Fiziksel Tıp ve Rehabilitasyon Uzmanı Dr. Tuncay Çakır, güzellik merkezlerinde kök hücrelerini canlandırması, bölgesel kan dolaşımını artırması amacıyla cilde uygulanan hastanın kendi kanını alıp, belli aşamalardan geçtikten sonra pıhtılaşma hücrelerine ayırarak hastaya yeniden verilmesi yöntemini dizlerinde kireçlenme rahatsızlığı bulunan hastalara uygulamaya başladıklarını söyledi.
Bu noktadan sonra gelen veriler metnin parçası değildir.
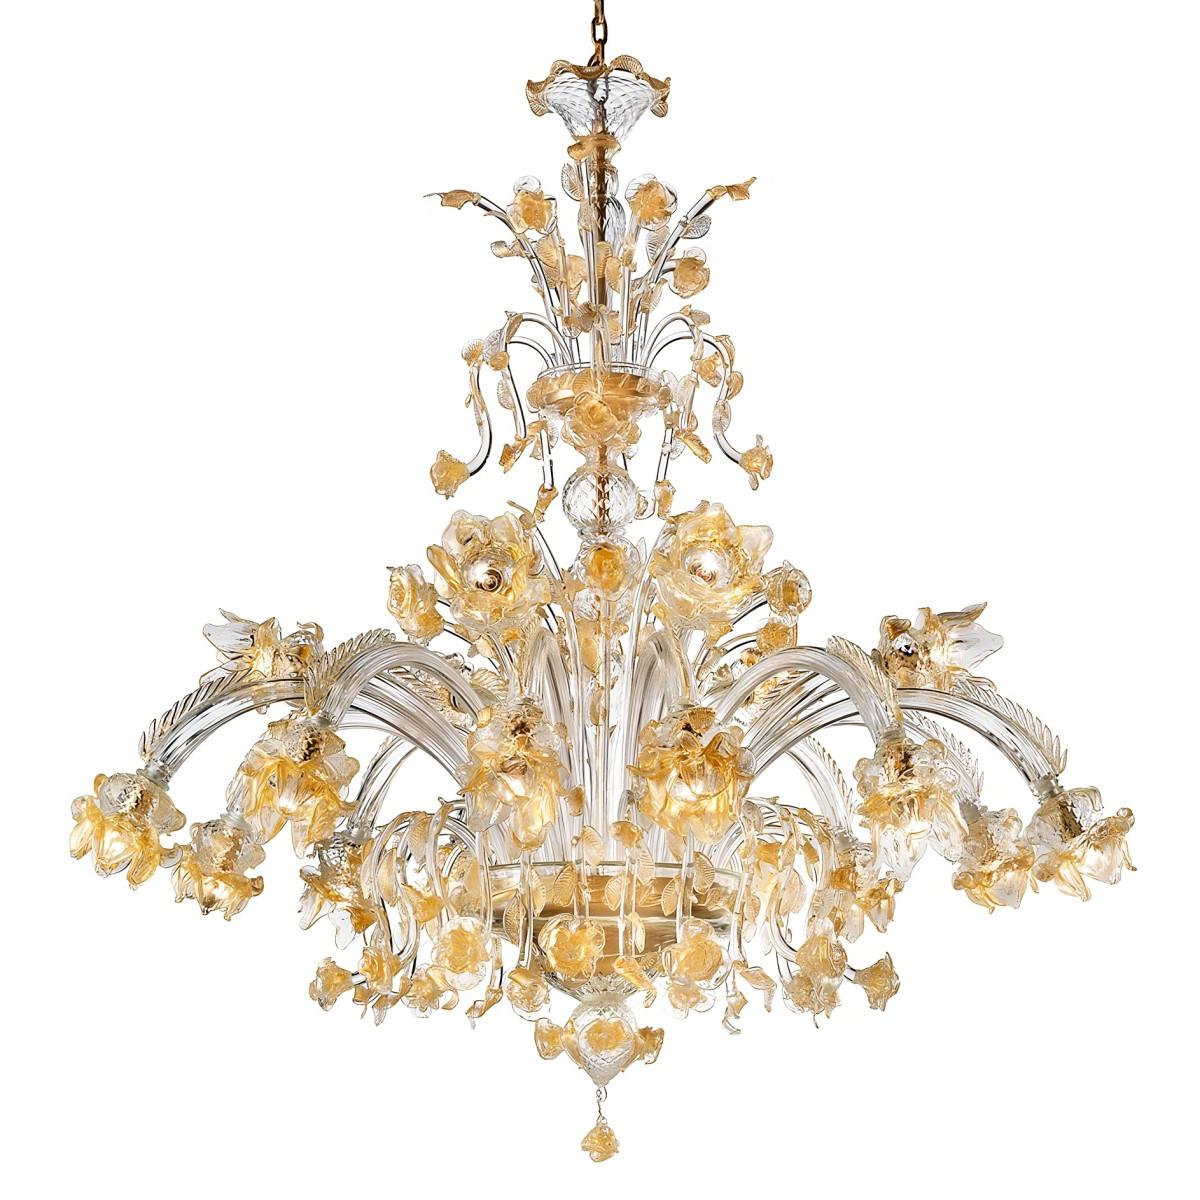 """Rose Dorate"" lampara de cristal de Murano - 12+6 luces - transparente y oro"

Eğitim ve Araştırma Hastanesi'nde yaklaşık 6 ay önce başladıkları uygulama kapsamında 7 hastanın tedavi edildiğini anlatan Çakır, 6 hastadan olumlu yanıt aldıklarını, bir hastada ise yüzde 25 oranında iyileşme sağlandığını ifade etti.
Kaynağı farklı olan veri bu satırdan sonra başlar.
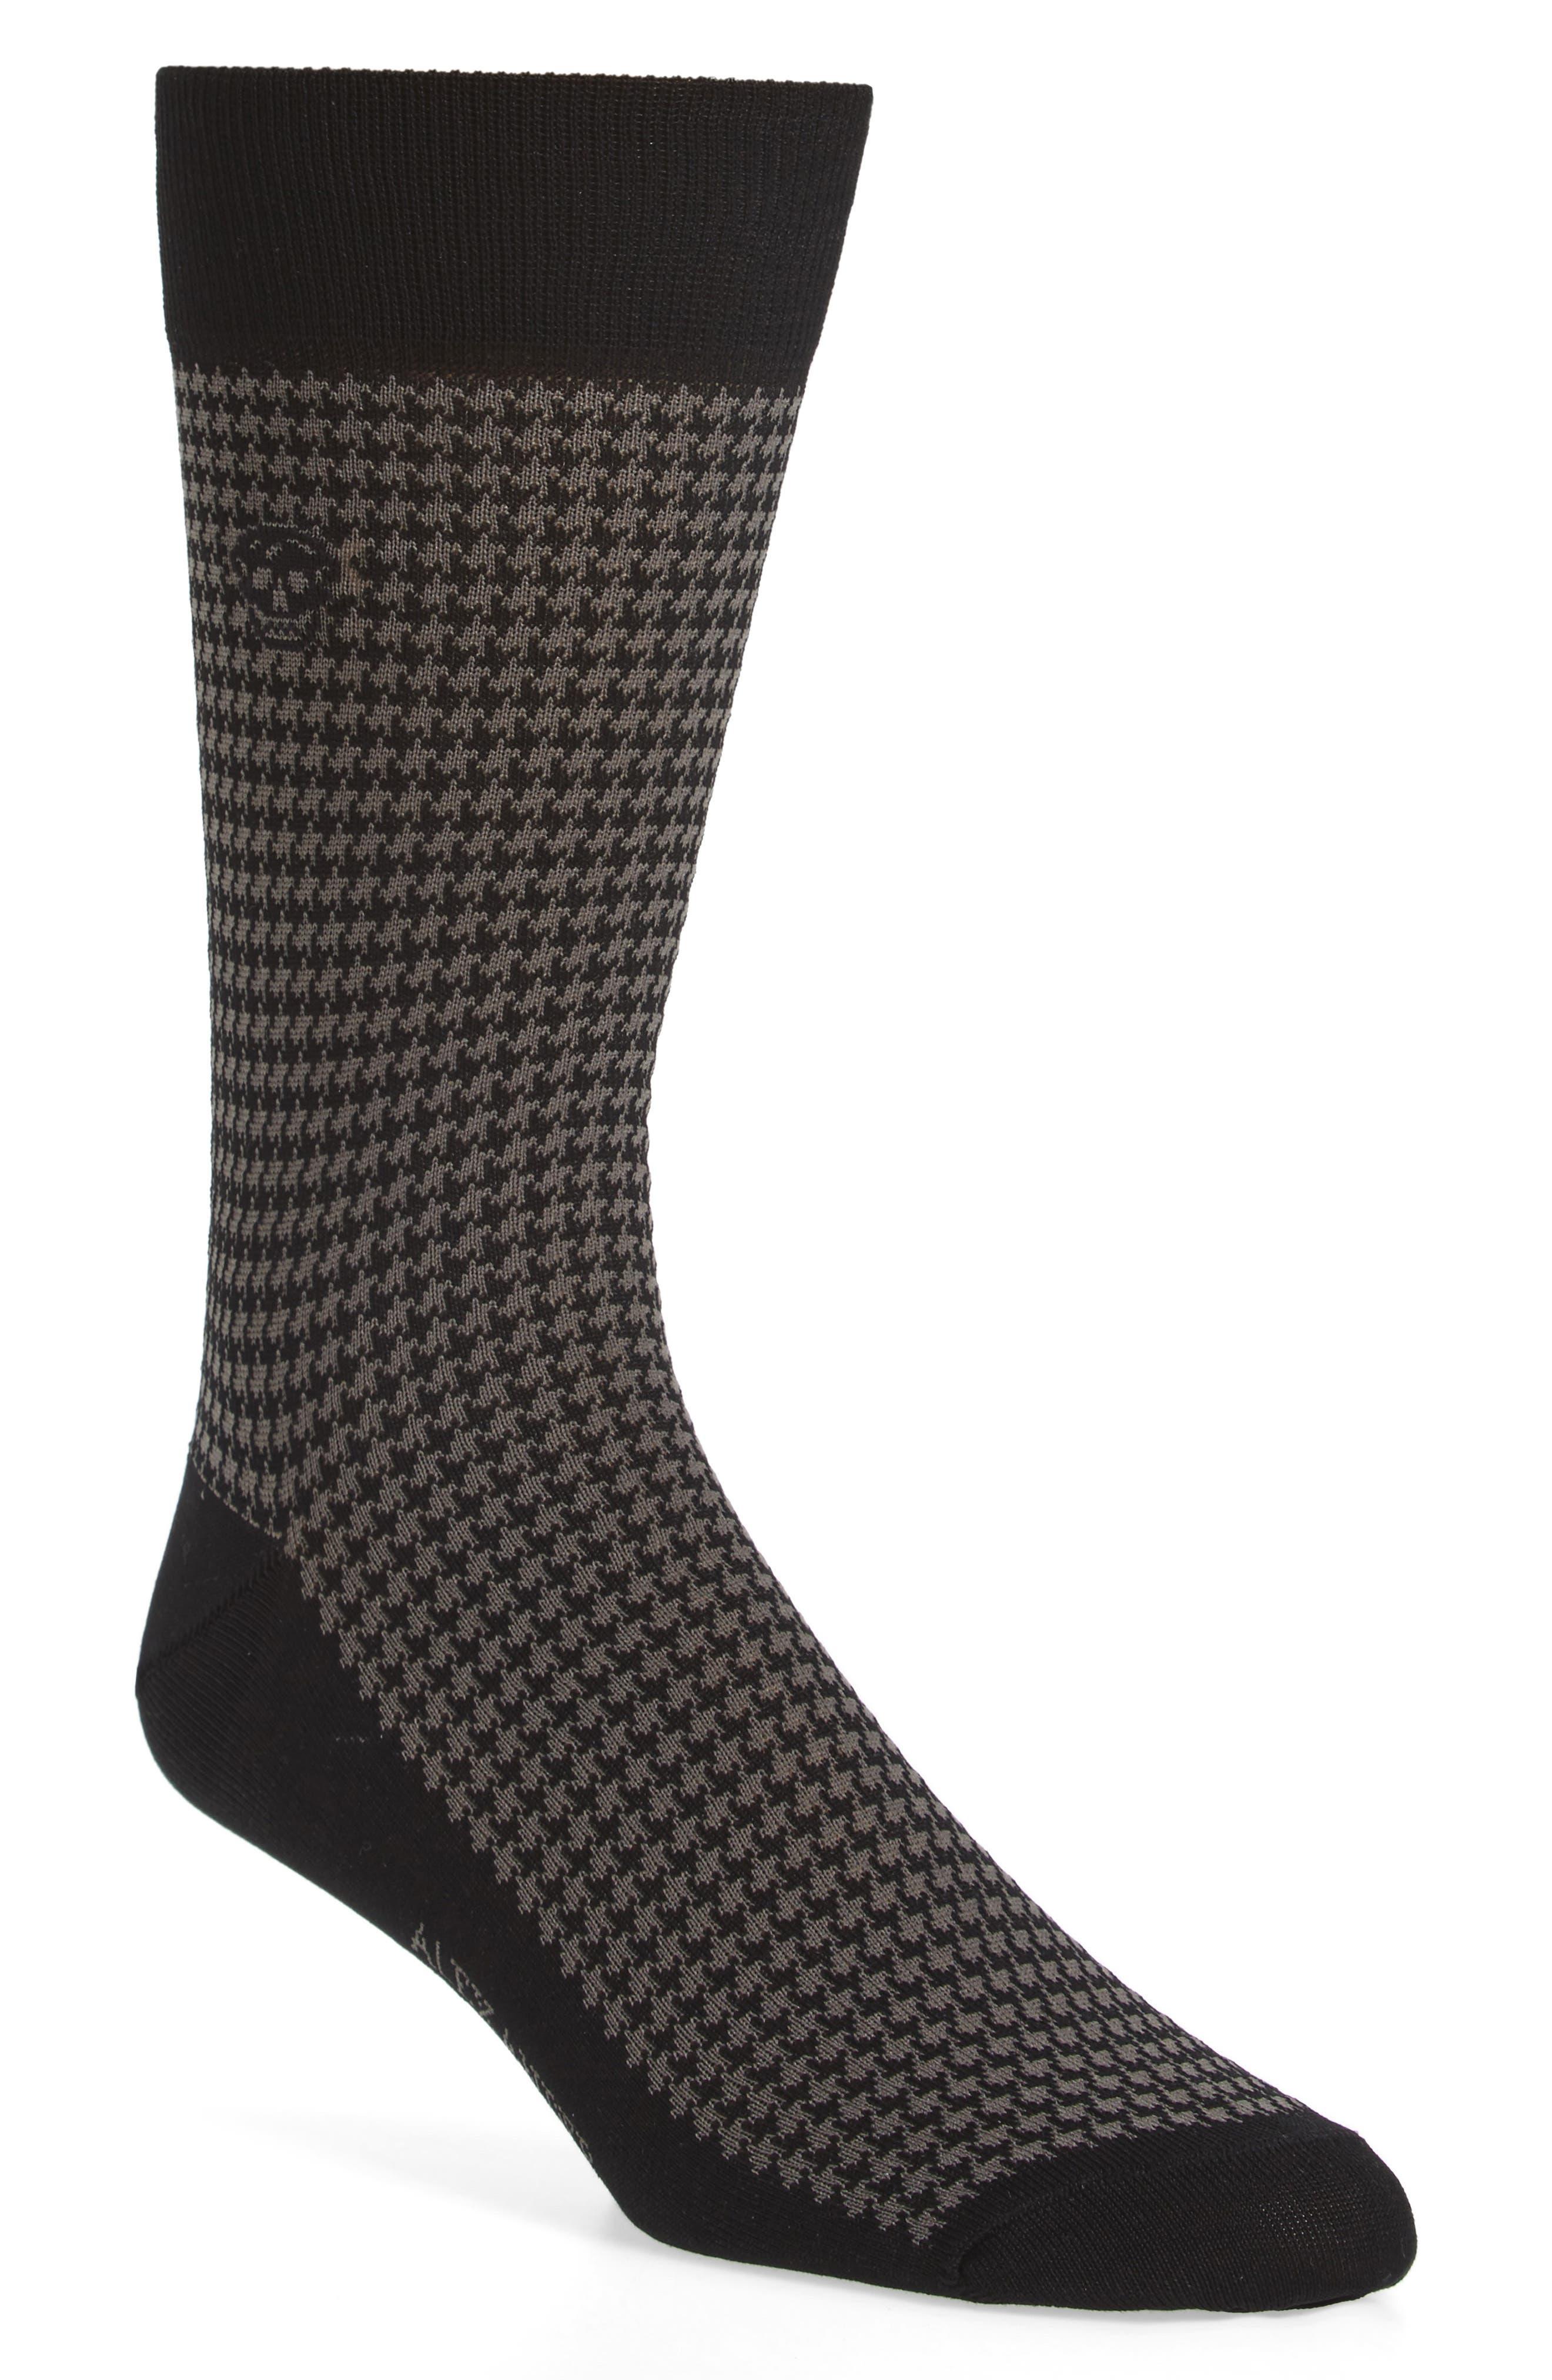 Alexander McQueen Cotton Blend Houndstooth Socks

Dizinde kireçlenme problemi yaşayan hasta üzerinde önce bir araştırma yaptıklarını, kanında pıhtılaşma bozukluklarının olup olmadığını incelediklerini anlatan Çakır, şöyle konuştu:
''Testler olumlu çıktığında hastanın kolundan özel iki tüpe kan alıyoruz. Tüplerdeki kanı vakit kaybetmeden özel cihazla ayrıştırıyoruz. Yüksek hızda 10 dakika süren ayrıştırma ile hastanın kendi kanındaki beyaz hücreler, kırmızı kan hücreleri ve pıhtılaşma hücreleri ayrılıyor. Pıhtılaşma hücrelerinden bir miktar alıp, hastanın dizine enjekte ediyoruz.''
Uygulamanın birer hafta ara ile iki aşamada gerçekleştirdiklerini söyleyen Çakır, özellikle ikinci aşamanın ardından hastanın ağrılarında ciddi oranda azalma olduğunu ve yaşam kalitesinin düzeldiğini bildirdi.
Uygulama ile dizlerdeki kök hücrelerini yeniden canlandırdıklarını dile getiren Çakır, ''Bölgedeki kök hücrelerini uyararak yeniden kıkırdak yapımına yardımcı oluyoruz. Bölgesel kan dolaşımını artırıp, oradaki ölü dokuyu uzaklaştırıyor ve hastanın yeniden kıkırdağına sahip olmasını sağlıyoruz'' diye konuştu.
Dizinde kireçlenme olan hastaların yürümekte zorluk çektiklerini ve hastalara protez önerildiğini hatırlatan Çakır, kandaki gizemli güç ile hastanın bacaklarını proteze gitmeden kurtarabildiklerini ifade etti. Ayrıca hastanın yaşam kalitesini de artırdıklarını kaydeden Çakır, ''Daha önce yürümekte zorluk çeken, sürekli ağrılarla boğuşan hastalarımız, uygulamanın ardından günlük yaşam aktivitelerini rahatlıkla yapabiliyor ve daha kaliteli bir yaşama sahip oluyor'' dedi.
Ayrıca hastaya kendi kanını verdikleri için de herhangi bir alerji riskinin bulunmadığına işaret eden Çakır, tedavi yönteminin daha güvenli olduğunu belirtti.
Tedavinin maliyetinin de yüksek olmadığını dile getiren Çakır, sadece özel tüpleri hastanın kendisinin aldığını, diğer uygulamaların ise hastanede yapıldığını kaydetti. Çakır, tüplerin ise yaklaşık 240 lira civarında olduğunu bildirdi.